Hyperparameter Tuning Example for Self-Organizing Maps (SOM)¶
This script demonstrates how to use the SOM class to perform hyperparameter tuning. By defining a grid of hyperparameters and systematically testing all combinations, the script identifies the optimal configuration of hyperparameters for a given dataset.
Features of This Script:¶
Grid Search Implementation:
Hyperparameters such as
scale_method,x_dim,y_dim,topology,neighborhood_fnc, andepochsare systematically tested over a predefined range of values.The metrics Percent Variance Explained (PVE) and Topographic Error are combined into a scoring function to evaluate the SOM’s performance for each combination.
Ease of Use:
The script leverages Python’s
itertools.productfor a clean and systematic exploration of hyperparameter combinations.Metrics are calculated using the SOM class’ built-in methods, making the evaluation process seamless.
Visualization of Results:
Once the best hyperparameters are identified, the SOM is retrained, and component planes and categorical data distributions are visualized and saved.
Considerations:¶
Time Complexity:
Depending on the size of the dataset and the number of hyperparameter combinations, this process may take significant time. Adjust the ranges of the hyperparameters to balance between thoroughness and computational efficiency.
Extensibility:
The scoring function can be adjusted based on specific requirements. In this example, the score is computed as PVE minus a scaled Topographic Error.
Output:¶
Best hyperparameters and their resulting score
Final SOM trained with the best parameters.

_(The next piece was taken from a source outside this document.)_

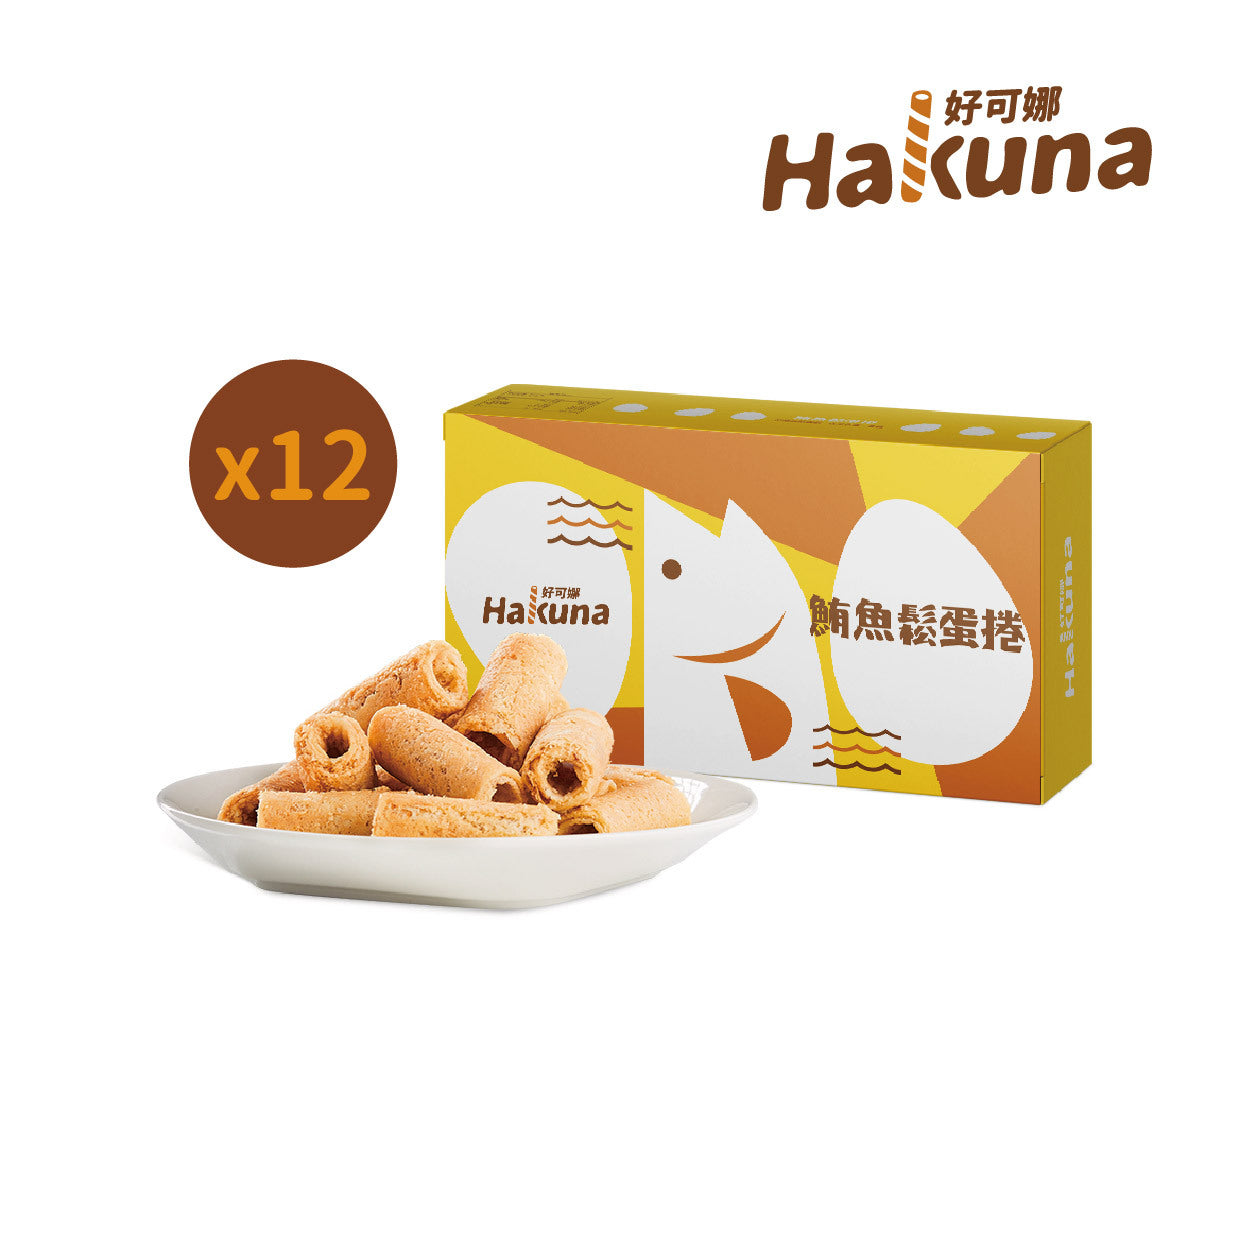 【Hakuna】Tuna pine egg rolls 12 boxes (9 small pieces/box)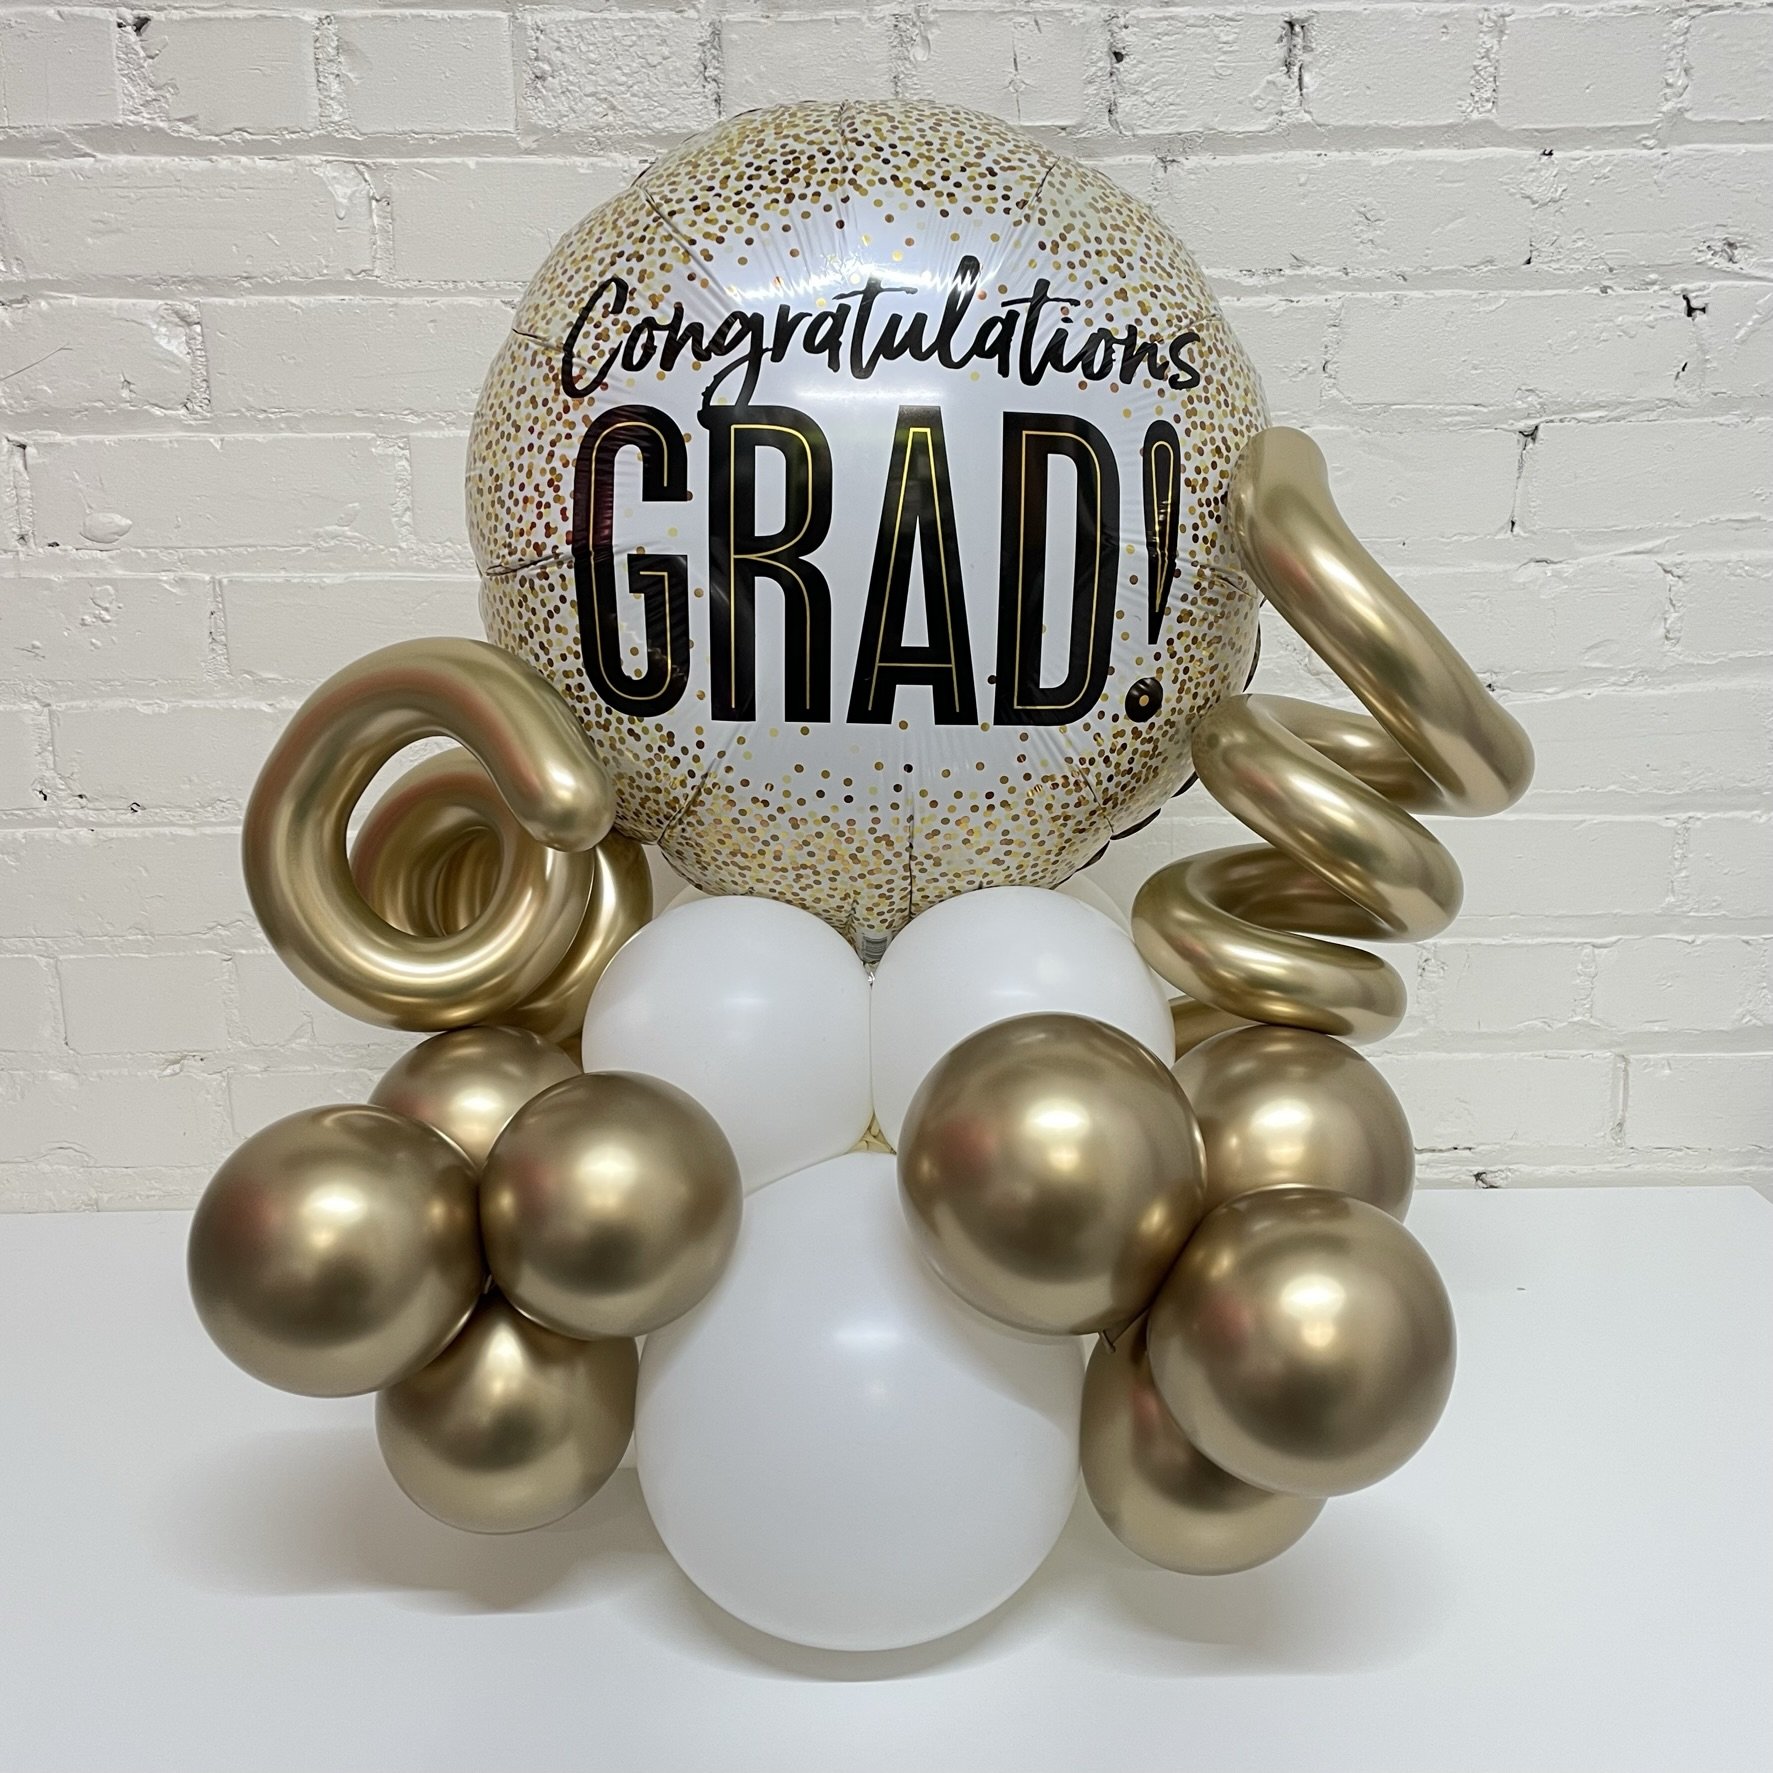 Congratulations grad centerpiece.jpeg

Saved visualizations of component planes and categorical data distributions.
Usage:¶
Modify the dataset path and hyperparameter grid as needed.
1. Imports¶
[1]:
# Standard imports
import itertools
import os
import sys
# Third party imports
import pandas as pd
import seaborn as sns
import matplotlib.pyplot as plt
# Local imports
notebook_dir = os.getcwd()
parent_dir = os.path.abspath(os.path.join(notebook_dir, '..', '..'))
sys.path.append(parent_dir)
from SOM.utils.som_utils import SOM
2. Load Data¶
[2]:
# Load data
train_dat_path = os.path.join(parent_dir, 'SOM', 'data', 'titanic_training_data.csv')
other_dat_path = os.path.join(parent_dir, 'SOM', 'data', 'titanic_categorical_data.csv')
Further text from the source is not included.